- Opening Delimiter -

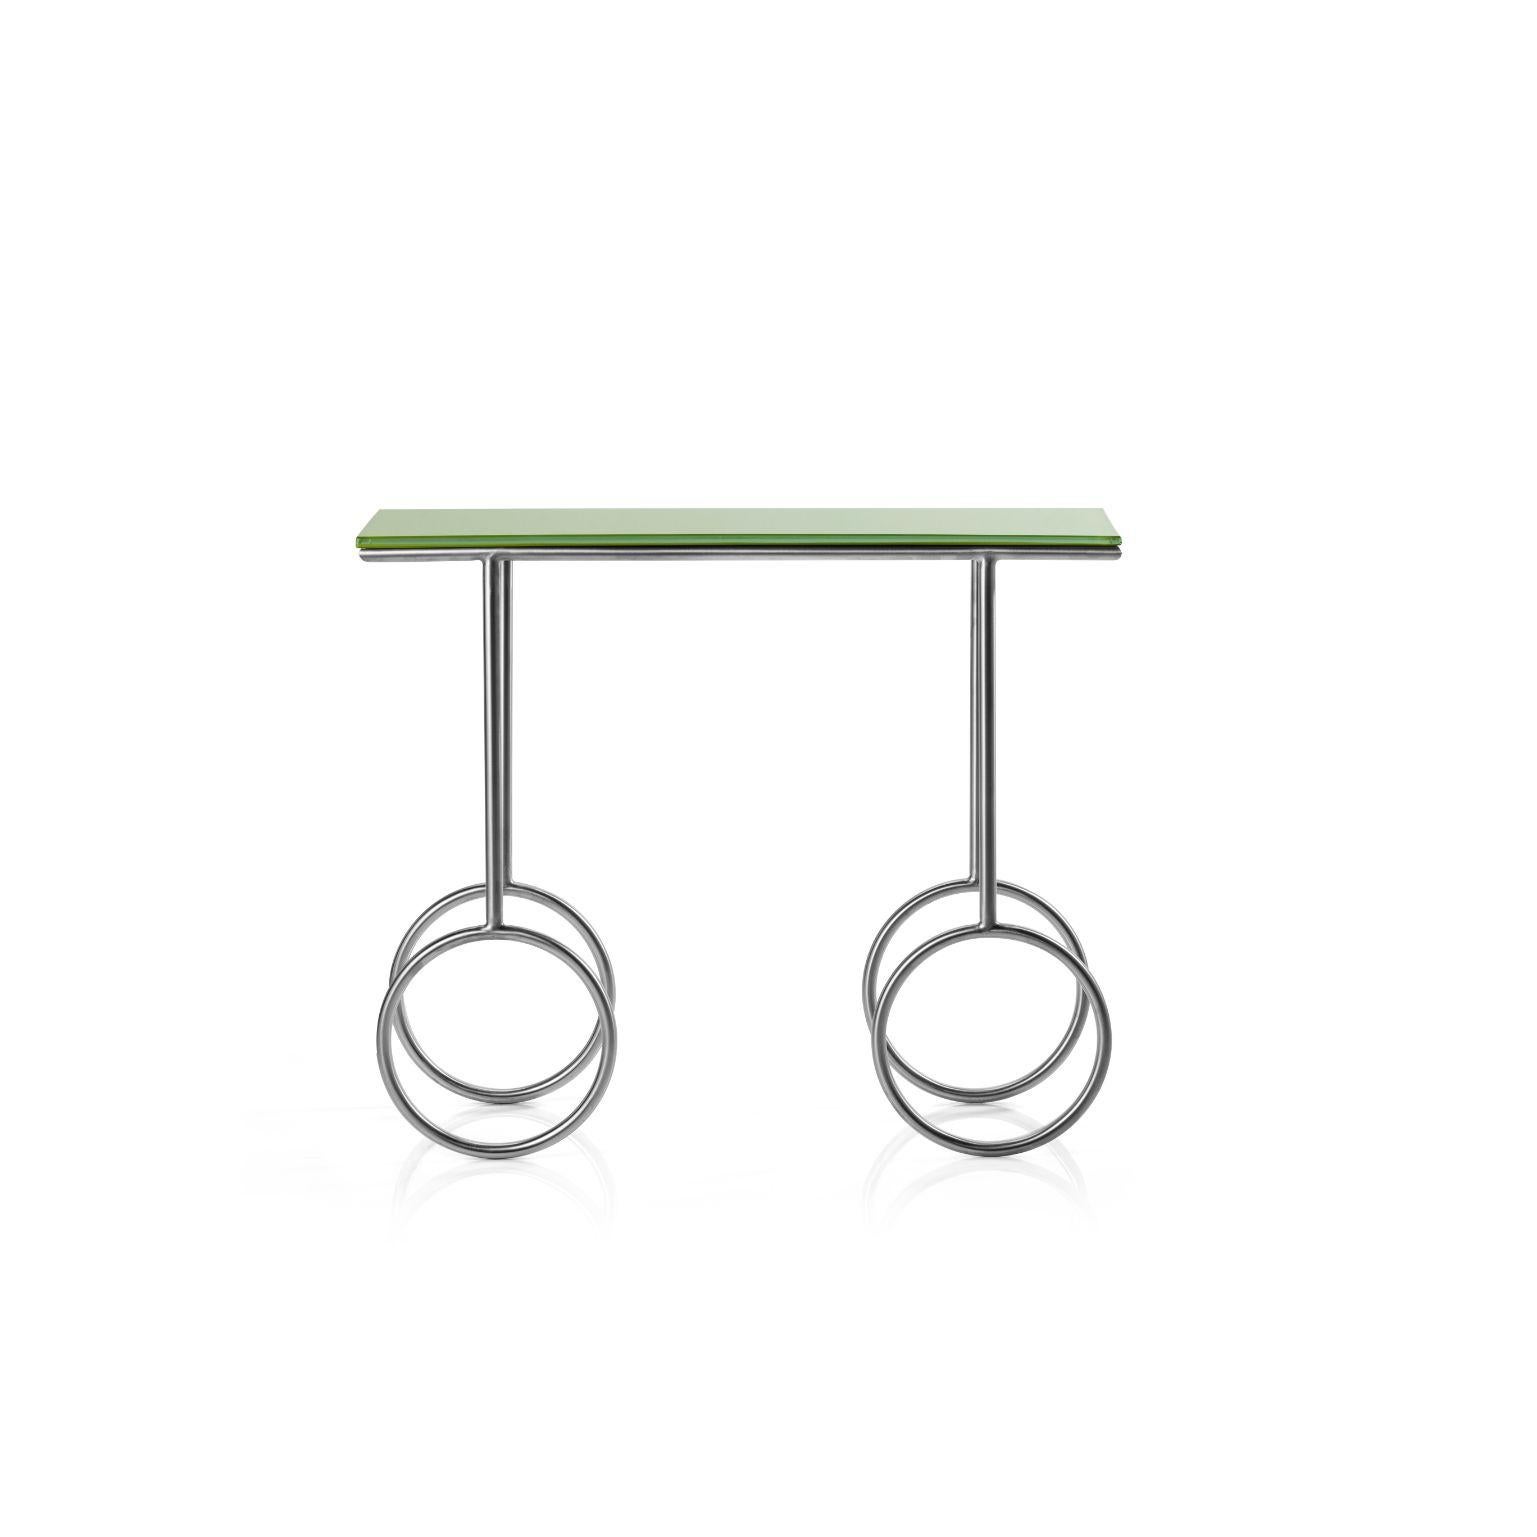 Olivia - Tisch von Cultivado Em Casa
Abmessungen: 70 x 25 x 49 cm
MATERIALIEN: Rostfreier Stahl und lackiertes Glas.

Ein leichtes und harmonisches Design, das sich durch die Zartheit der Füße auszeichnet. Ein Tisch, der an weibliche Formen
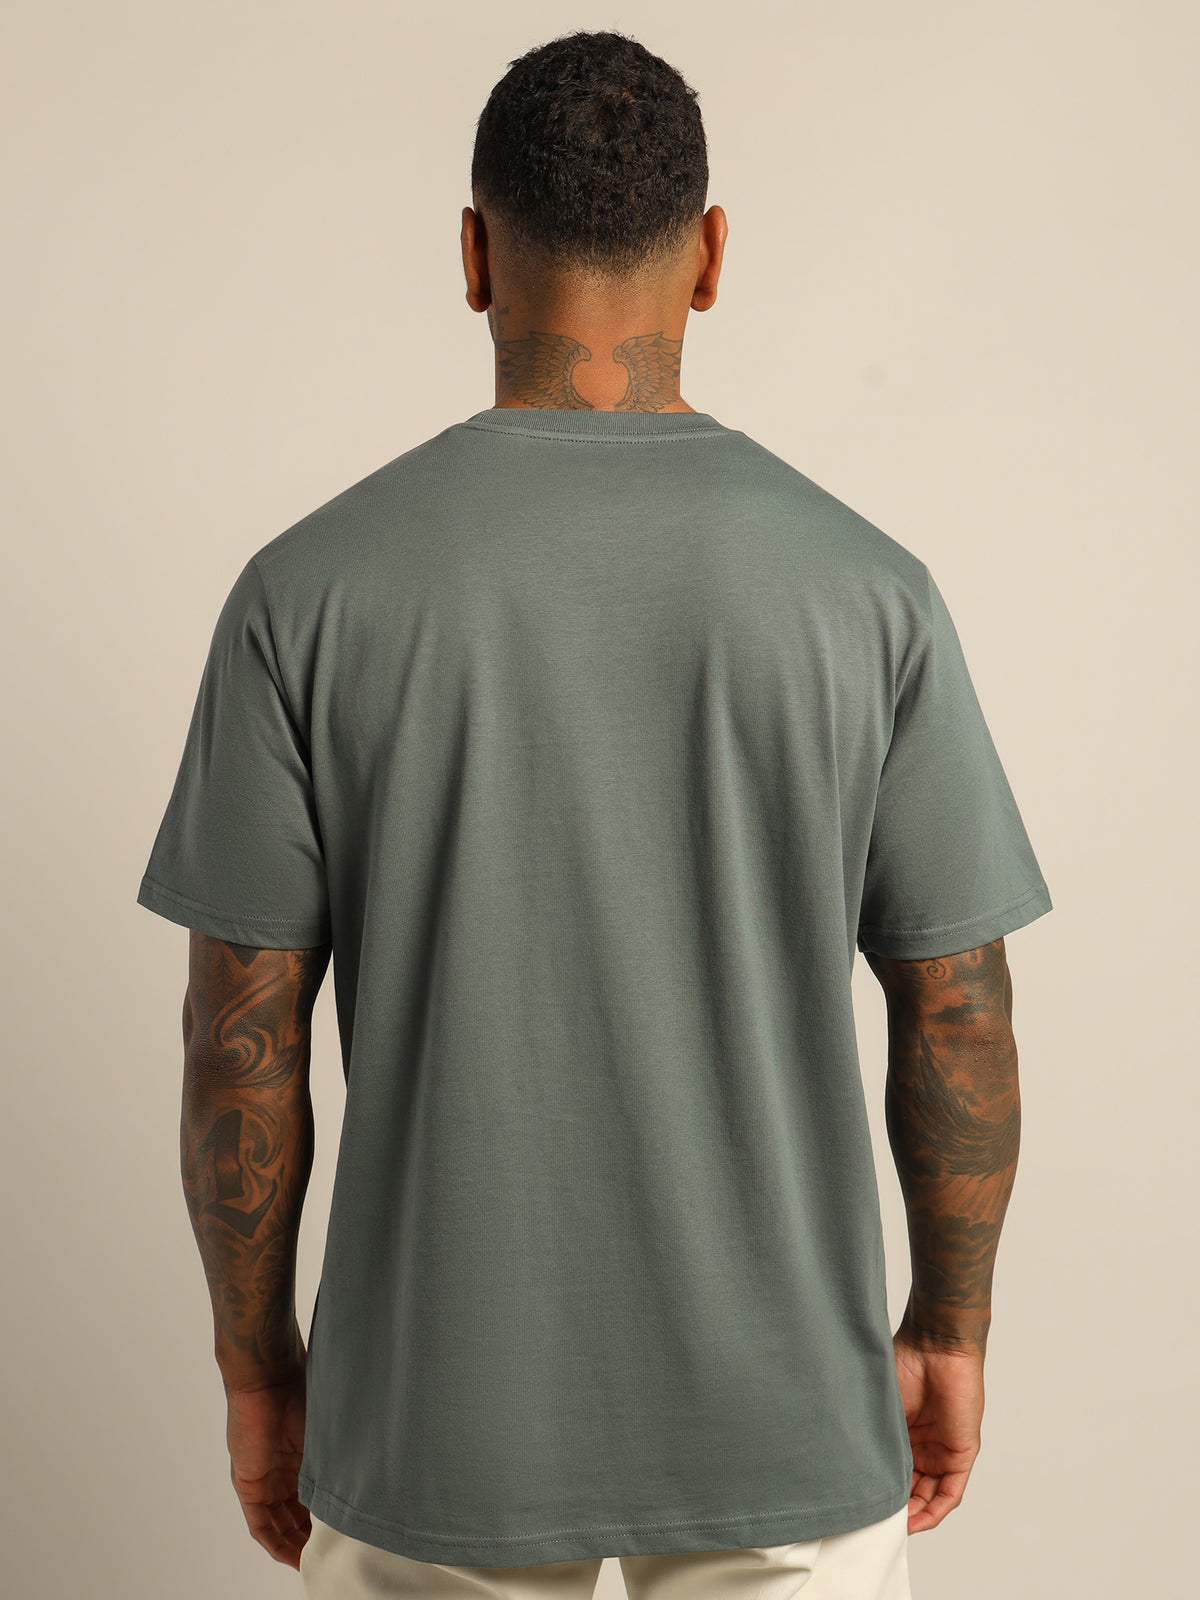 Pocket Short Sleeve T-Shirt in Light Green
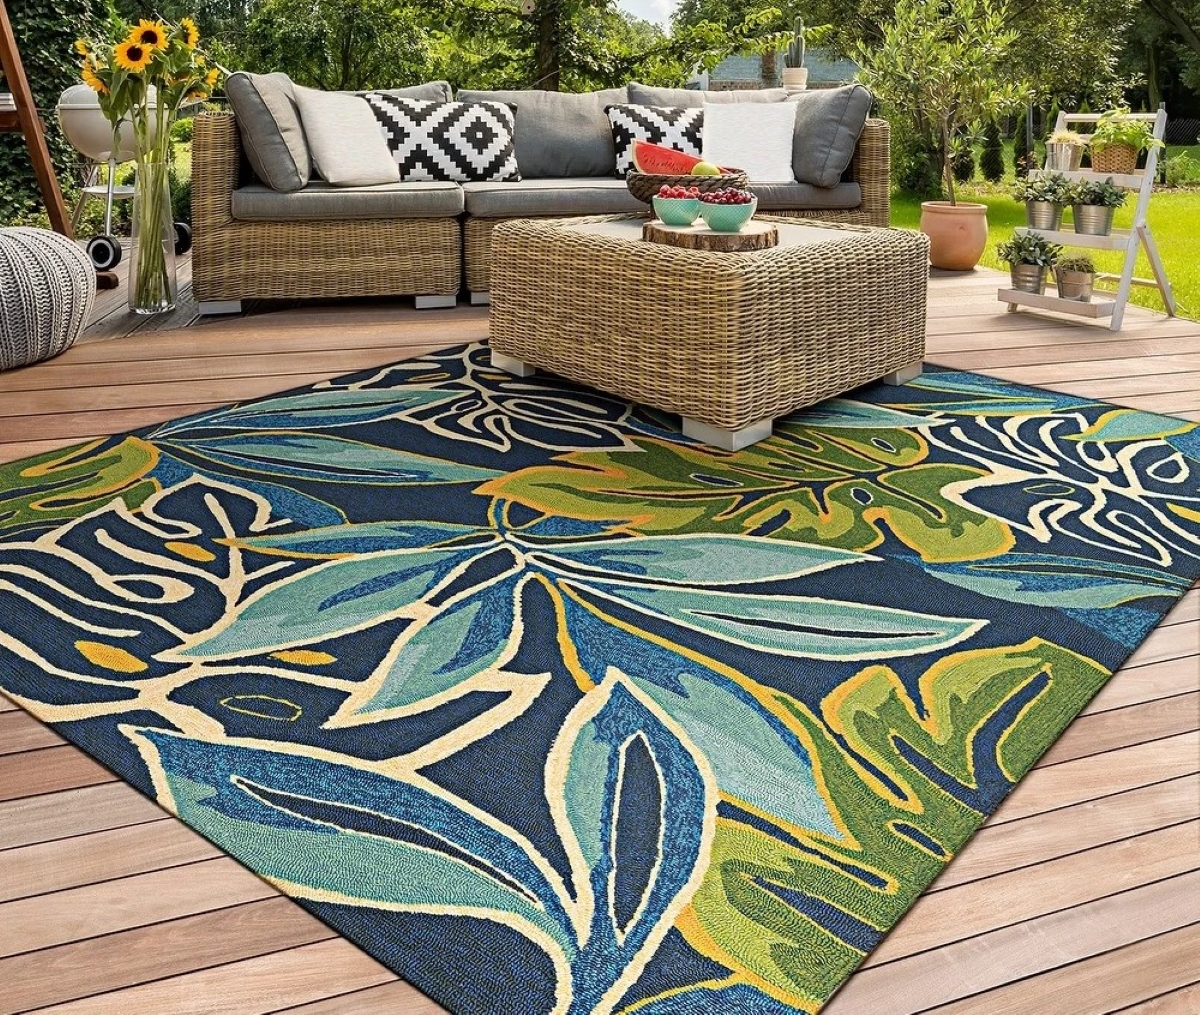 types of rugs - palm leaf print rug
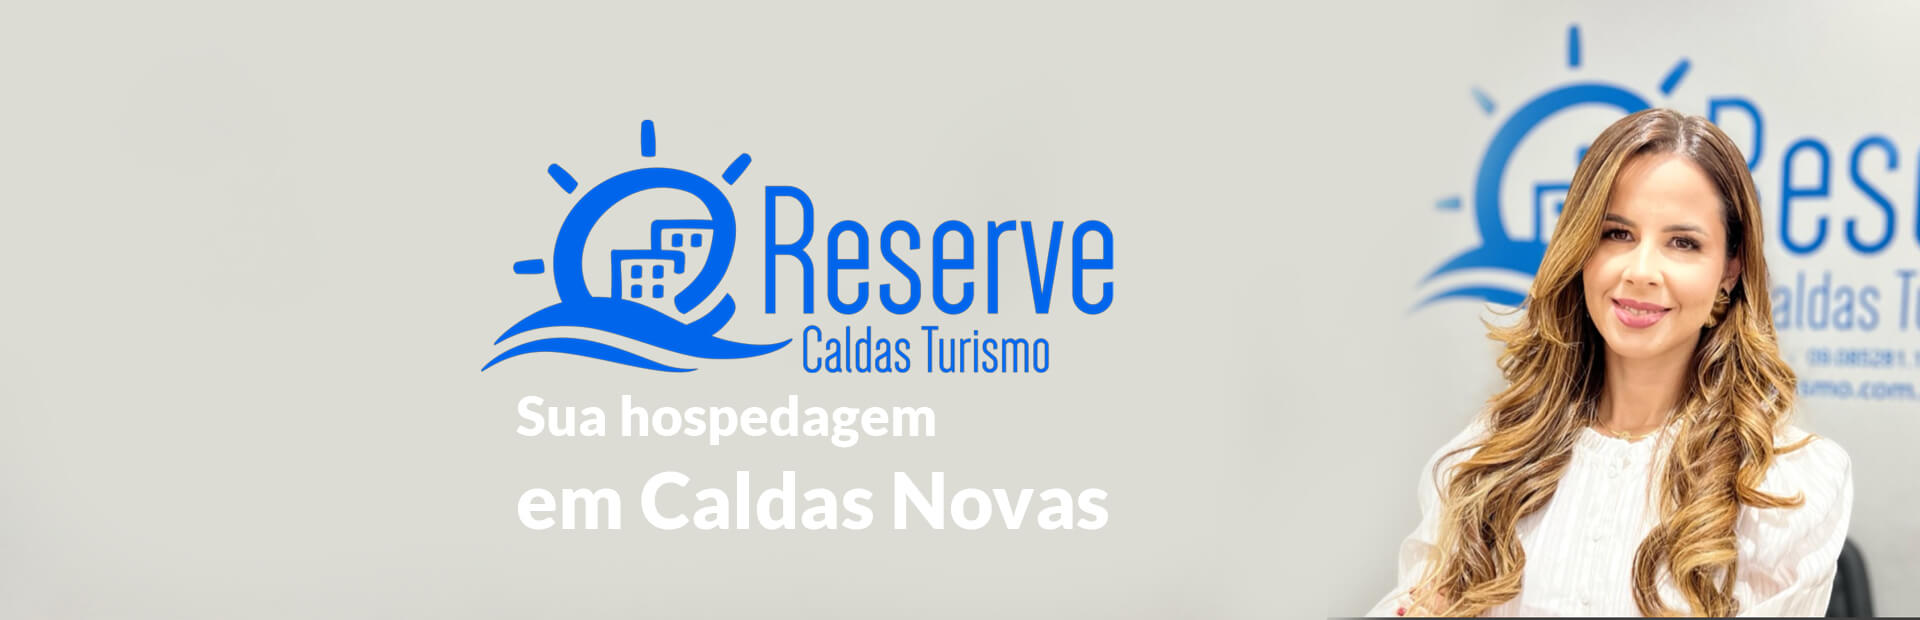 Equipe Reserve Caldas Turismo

- Closing Delimiter -

-- What this task involves --
Beginning with the line that contains "Ein leichtes und", reproduce every line through the end of the records above exactly, leaving pictures out.

-- Response for this exercise --
Ein leichtes und harmonisches Design, das sich durch die Zartheit der Füße auszeichnet. Ein Tisch, der an weibliche Formen
 Pocket Short Sleeve T-Shirt in Light Green
 types of rugs - palm leaf print rug
 Equipe Reserve Caldas Turismo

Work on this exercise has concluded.